Reactive activities can also be avoided to some extent, by monitoring the process and predicting when an intervention is necessary. For electrical maintenance, consider equipment such as handheld thermal imaging cameras, which can be used to help monitor temperatures, and identify hot spots that can denote issues such as faulty insulation and electrical switch gear issues, and near capacity fuses. Components including sensors, valves and even PLC I/O can degrade over time, causing problems including process accuracy and stability. Monitor performance using process calibrators.
Similarly, to get advance warning of mechanical failures, portable vibration analysis equipment can be used to make repeatable, severity-scaled readings of overall vibration and bearing condition.

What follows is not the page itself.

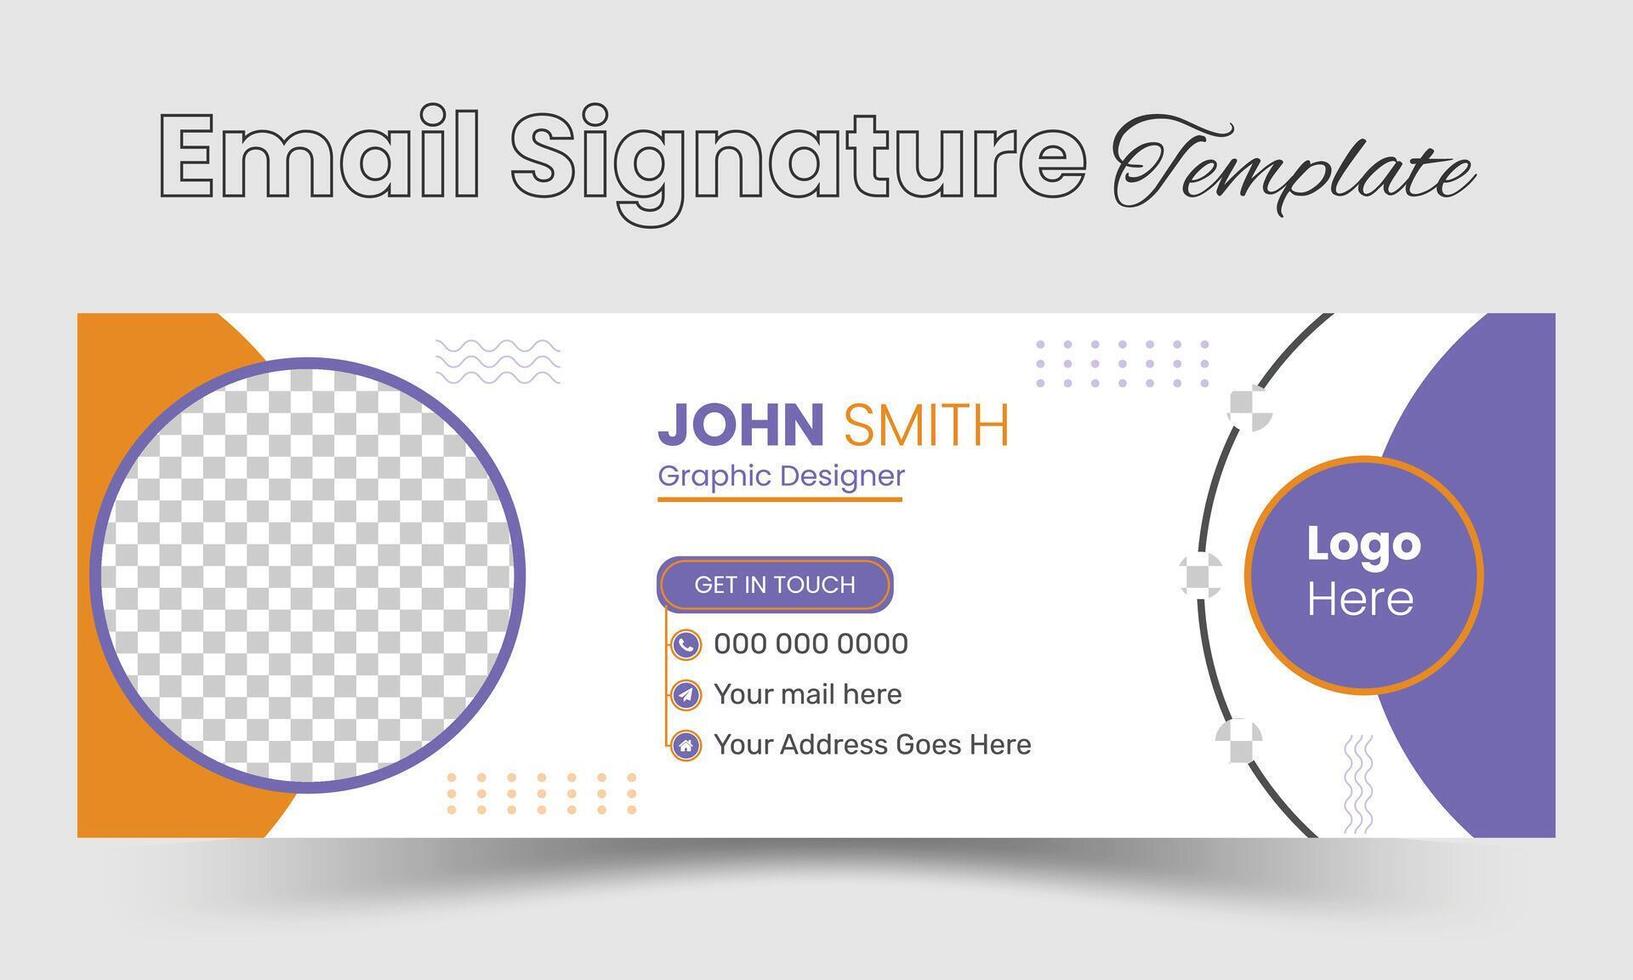 entreprise moderne email Signature conception modèle. email Signature modèle conception vecteur

Excessive wear can be a primary cause of failure for gearboxes. Oil and grease analysis can be performed to understand lubrication condition, including contamination and debris content, allowing appropriate action to avoid failures and downtime.
These are all great steps to hone your processes - but embracing the Industrial Internet of Things, (IIoT) will allow you to really step things up.
Sensor technology can be the start of the predictive maintenance journey
Before getting in a spin about Industry 4.0 and the complexities of IIoT, there’s no need to try and run before you can walk. Start small, and consider where to deploy the right pieces of technology to best mitigate negative impact on your operations. Sensor technology has become much more accessible from a product price and implementation perspective, and provides a good ‘toe in the water’ approach. Identify where your data sets might need enhancing to best avoid failures – whether that be in the areas of vibration, electrical energy, temperature or pressure – and look to strengthen existing data sets with the use of sensors to gather further information in real-time. Focus only on collecting the data you need – big data is a well-used term, but by sticking at first to small data, gleaning actionable insights will be more achievable, which is critical in the predictive maintenance mission.
Setting parameters of what falls into normal or abnormal operation means that abnormal can be quickly flagged and used as the trigger for deeper investigation into a potential issue. Many organisations already have more data than they think they have, and this can be enhanced with frequent real-time data that can be gathered using sensors and fed into a simple recording method such as Excel or a more sophisticated analysis tool.